Date Published: June 27, 2019
Publisher: Public Library of Science
Author(s): Tracy L. Stepien, Holley E. Lynch, Shirley X. Yancey, Laura Dempsey, Lance A. Davidson, Yi Jiang.
Advanced imaging techniques generate large datasets capable of describing the structure and kinematics of tissue spreading in embryonic development, wound healing, and the progression of many diseases. These datasets can be integrated with mathematical models to infer biomechanical properties of the system, typically identifying an optimal set of parameters for an individual experiment. However, these methods offer little information on the robustness of the fit and are generally ill-suited for statistical tests of multiple experiments. To overcome this limitation and enable efficient use of large datasets in a rigorous experimental design, we use the approximate Bayesian computation rejection algorithm to construct probability density distributions that estimate model parameters for a defined theoretical model and set of experimental data. Here, we demonstrate this method with a 2D Eulerian continuum mechanical model of spreading embryonic tissue. The model is tightly integrated with quantitative image analysis of different sized embryonic tissue explants spreading on extracellular matrix (ECM) and is regulated by a small set of parameters including forces on the free edge, tissue stiffness, strength of cell-ECM adhesions, and active cell shape changes. We find statistically significant trends in key parameters that vary with initial size of the explant, e.g., for larger explants cell-ECM adhesion forces are weaker and free edge forces are stronger. Furthermore, we demonstrate that estimated parameters for one explant can be used to predict the behavior of other similarly sized explants. These predictive methods can be used to guide further experiments to better understand how collective cell migration is regulated during development.

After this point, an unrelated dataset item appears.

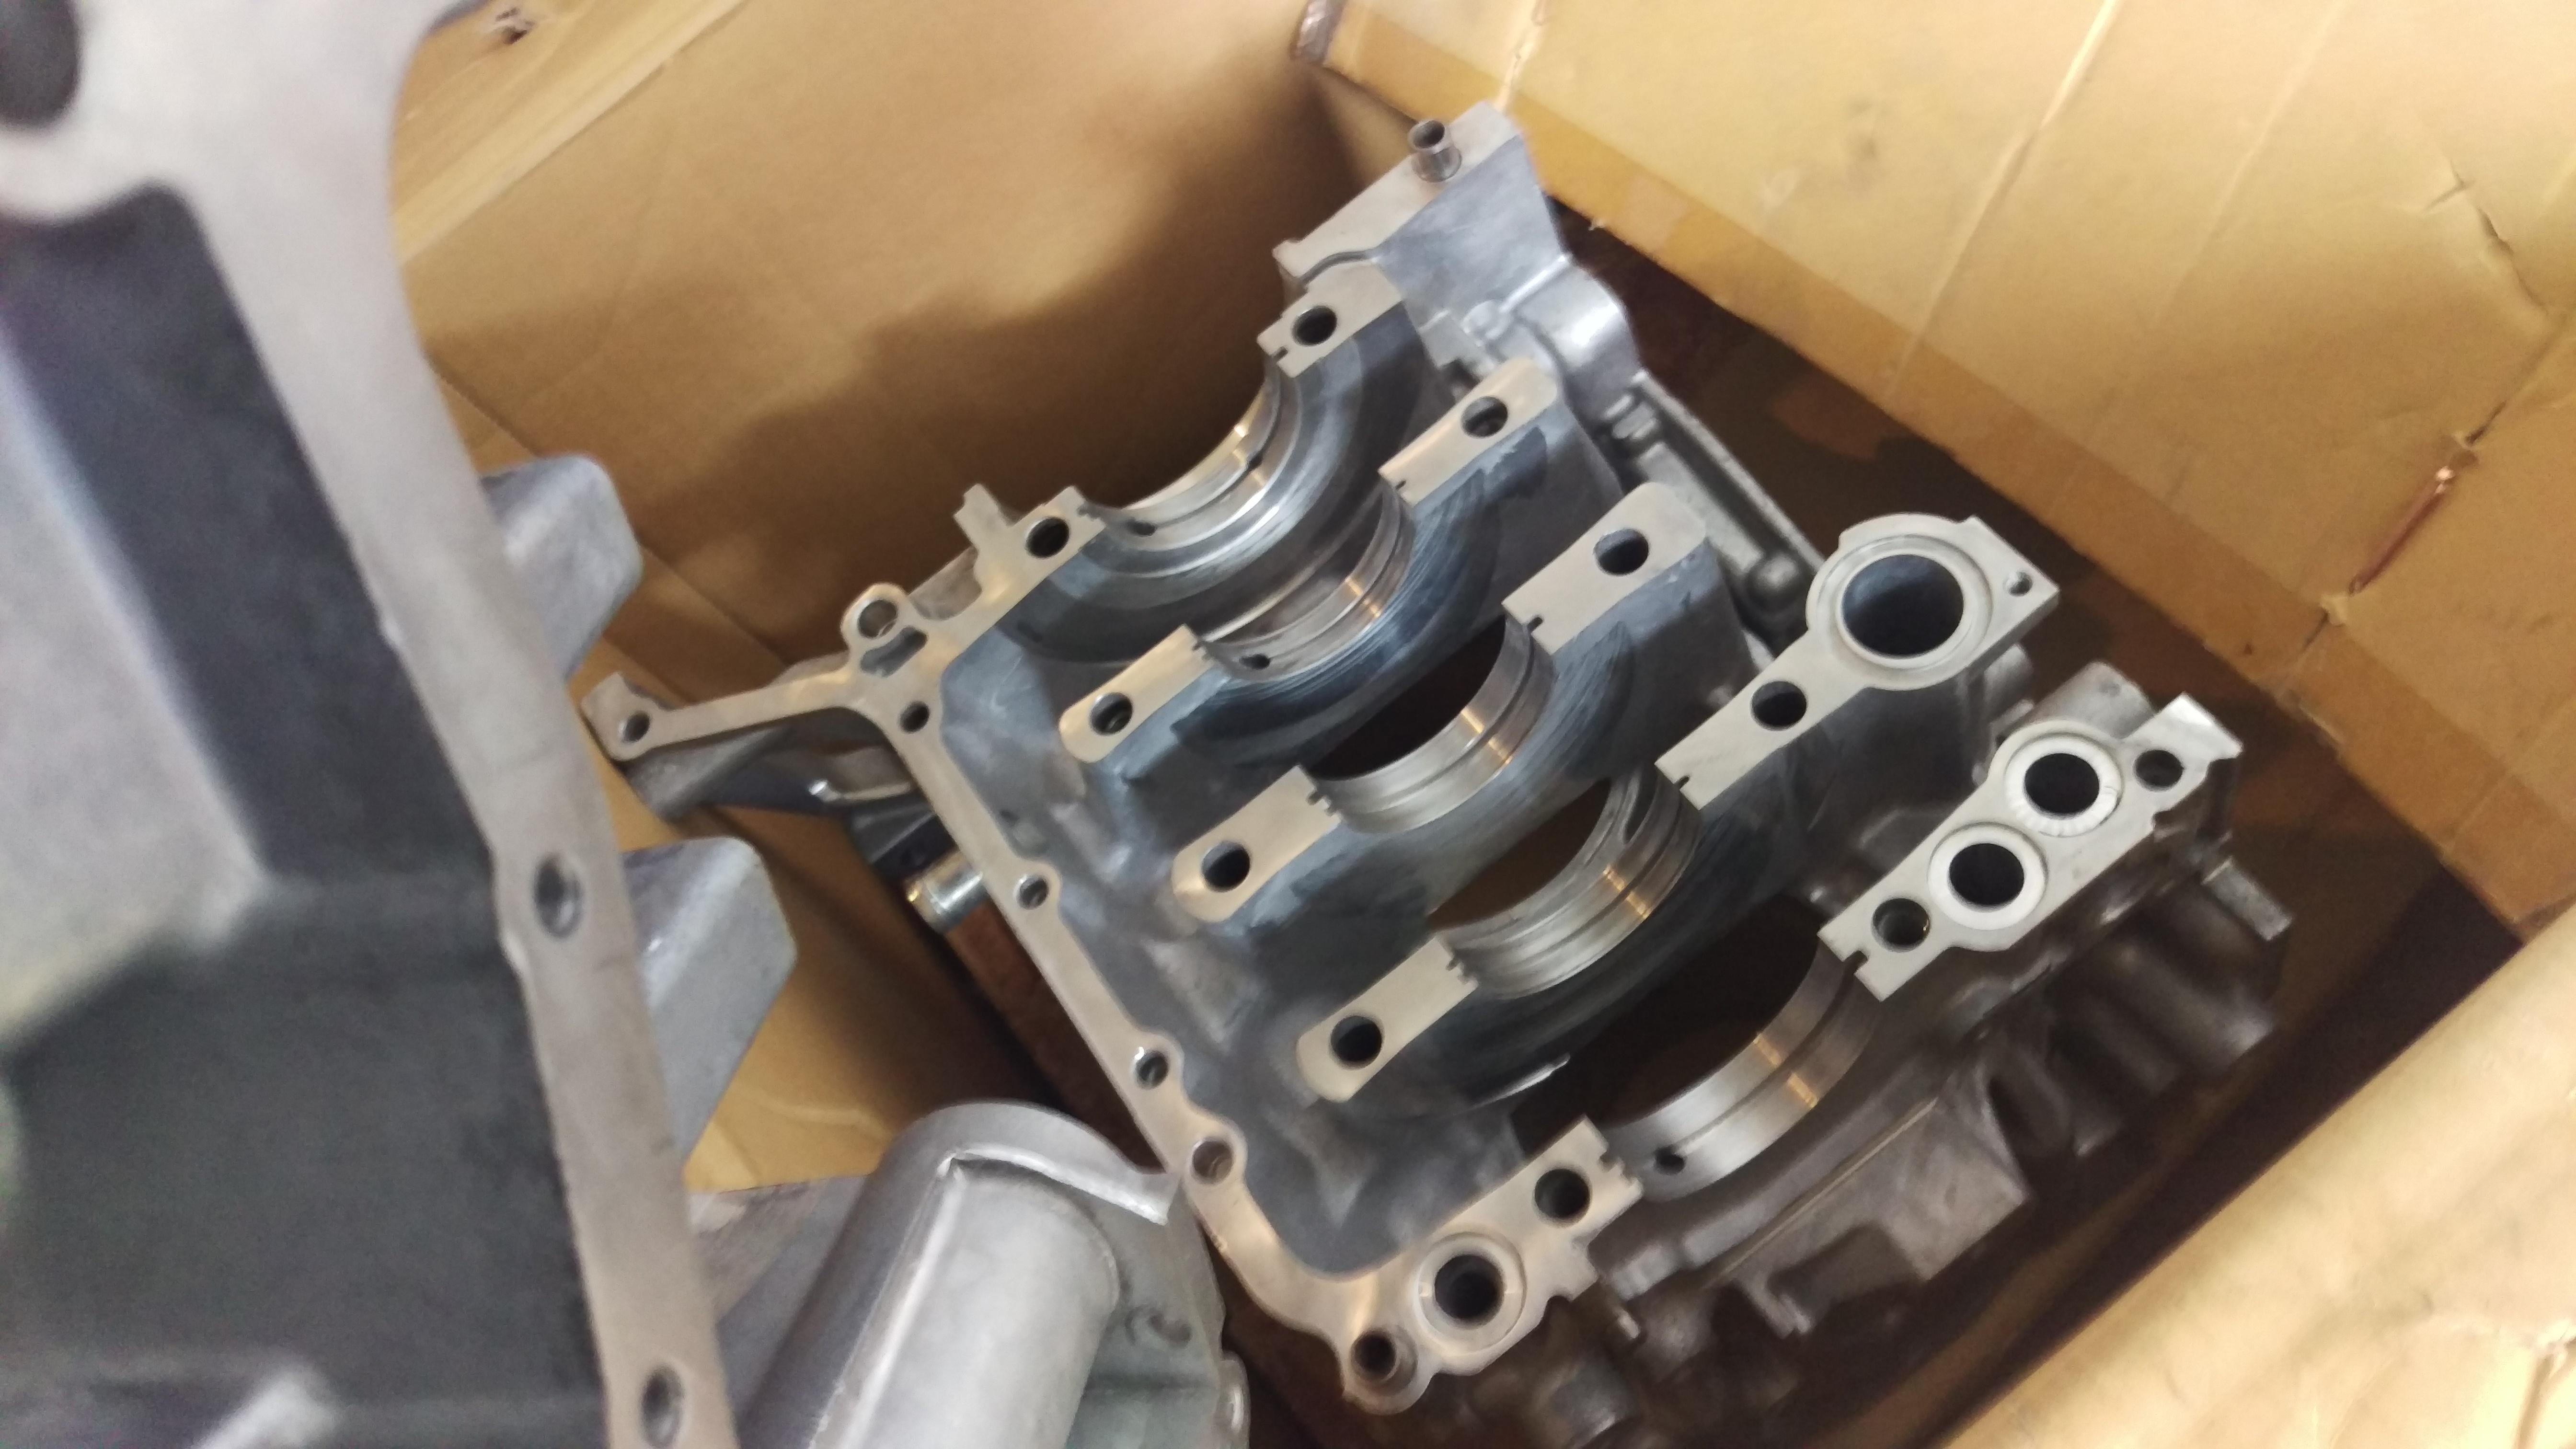 Engine build w/ ej257 short block - Page 2 - Subaru Legacy

Advances in microscopy enable the generation of very large time-lapse datasets over the course of a few hours. Such time-lapse data contains a wealth of information describing both the structures involved in morphogenesis and their kinematics; this information can serve as the input for computational models that allow us to explore the biological and biophysical principles of morphogenesis and to predict the behavior of cells and tissues under a variety of perturbations. This presents many technical challenges, from collecting quality images suitable for machine vision tools to developing computational models that implement appropriate biophysics and physiological rules at useful spatial and temporal scales. To maximize the benefits of these approaches, experimental designs must be able to integrate image data with model simulations in a way that allows robust statistical assessment of model fitness or failure.

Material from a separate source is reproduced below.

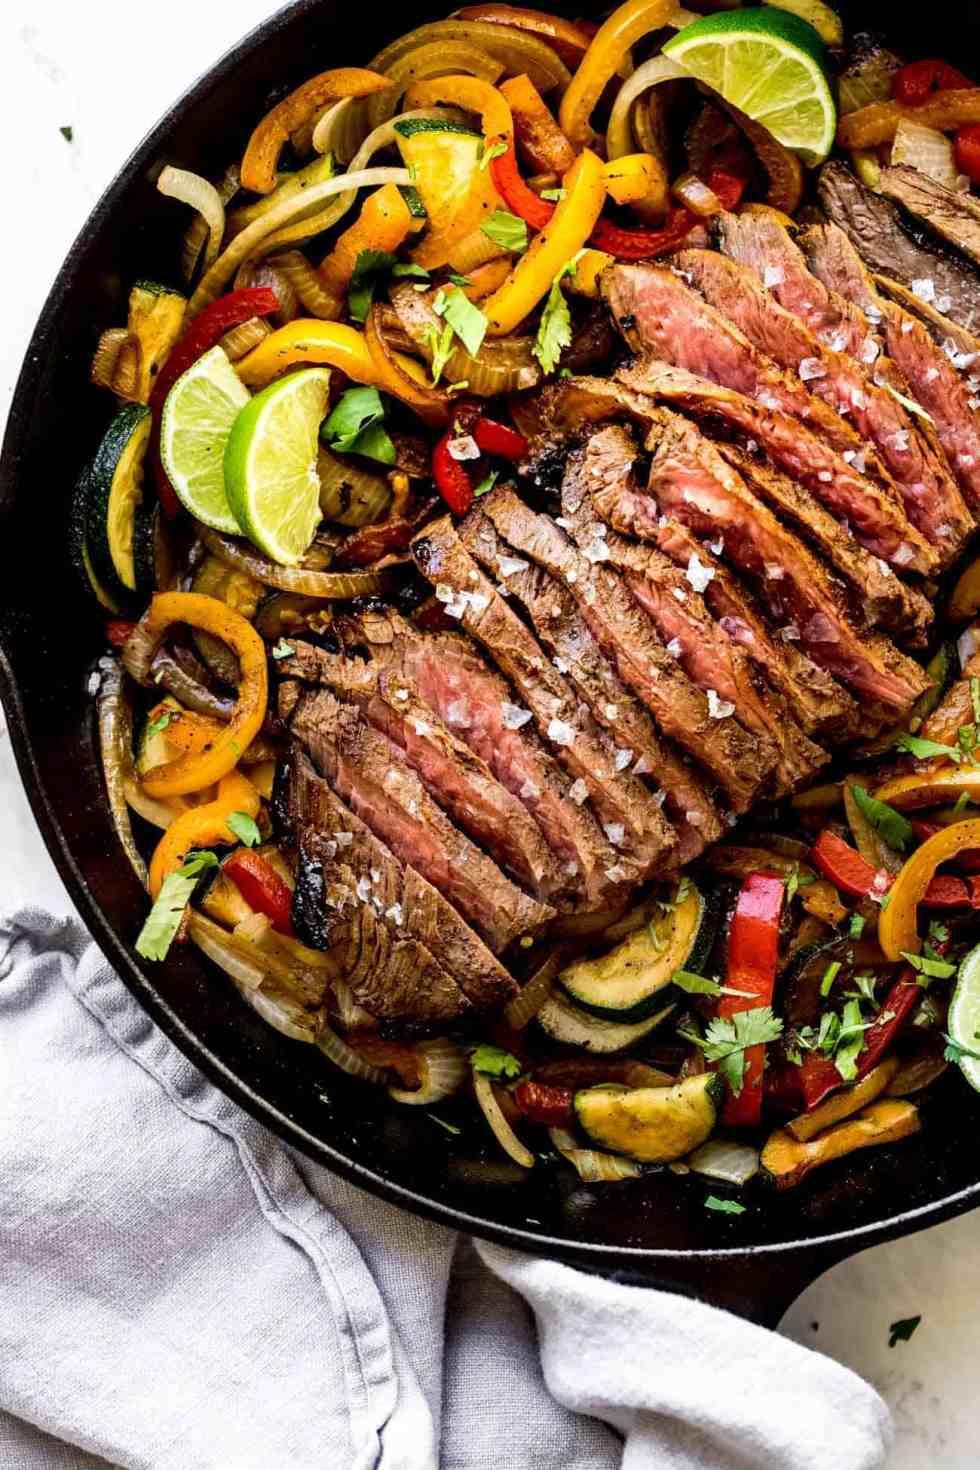 steak fajitas in a cast iron pan

To explore the mechanical processes involved in collective migration during development, we microsurgically isolated ectodermal tissue from the animal cap region of gastrulating Xenopus embryos (Fig 1A). During gastrulation, this tissue spreads to cover the exterior of the embryo. Once isolated and placed on a fibronectin-coated substrate, tissue explants spread radially outward [46,47] (Fig 1B). The initial area of the explant affects the spreading rate with larger explants spreading faster than smaller ones (Fig 1C and 1D), suggesting that the initial area of an explant affects the mechanics of the tissue. To understand the source of these mechanical interactions, we sought to integrate a mathematical model of epiboly with kinematic data on tissue boundaries and internal strains from time-lapse data (Fig 1E; Materials and Methods). Through parameter estimation and statistical techniques, we correlated the effect of an explant’s initial area on estimated parameter values in the model.

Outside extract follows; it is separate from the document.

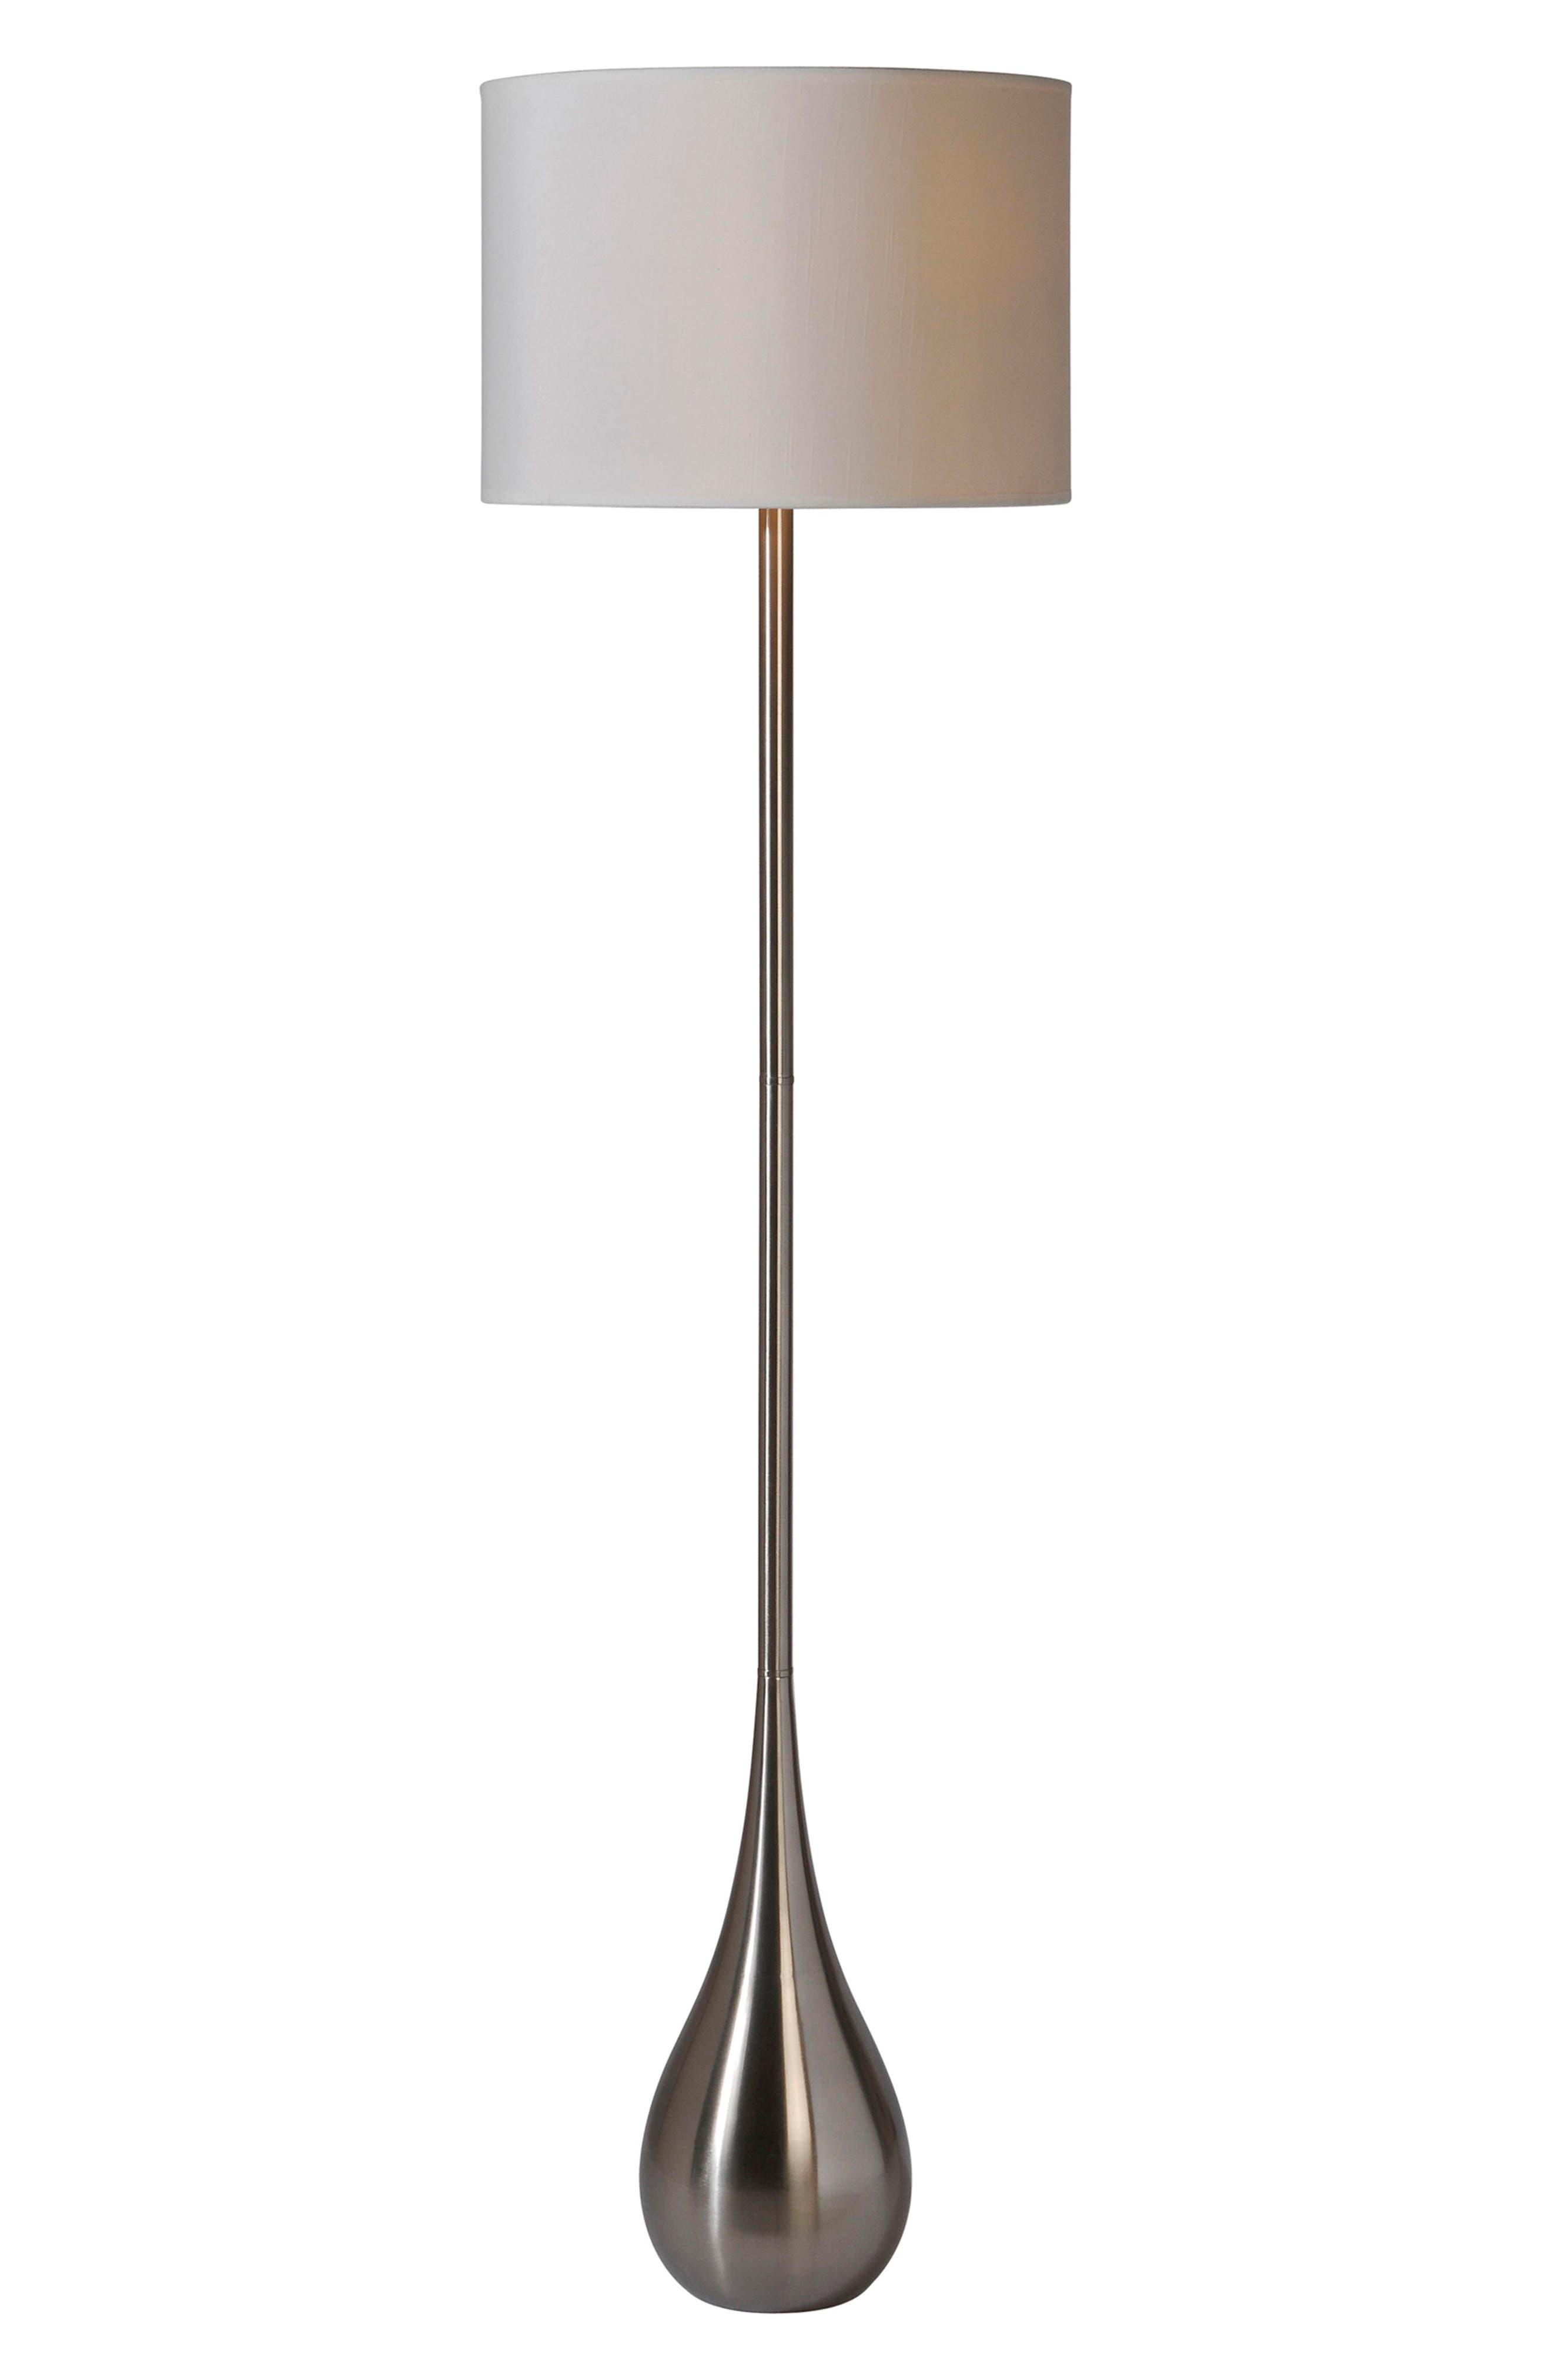 Satin Nickel Floor Lamp,                         Main,                         color, Satin Nickel

Time-lapse imaging of tissue explant spreading generates complicated data sets that are information-rich. Here, we present a formal methodology for extracting mechanical mechanisms of tissue spreading in differently sized embryonic tissue explants by integrating complex image information with a mathematical model of cell migration. In order to directly relate the experimental kinematics of spreading of multiple tissue explants to mechanical properties of the tissue, we focused on one mathematical model, the previously-developed Eulerian mechanical model of Arciero et al. , that represents forces involved in migration within a 2D elastic continuum. In this modeling framework, extended here to represent Xenopus animal cap epiboly, we can directly couple experimentally derived kinematic data to model parameters that correspond to physical properties in the tissue.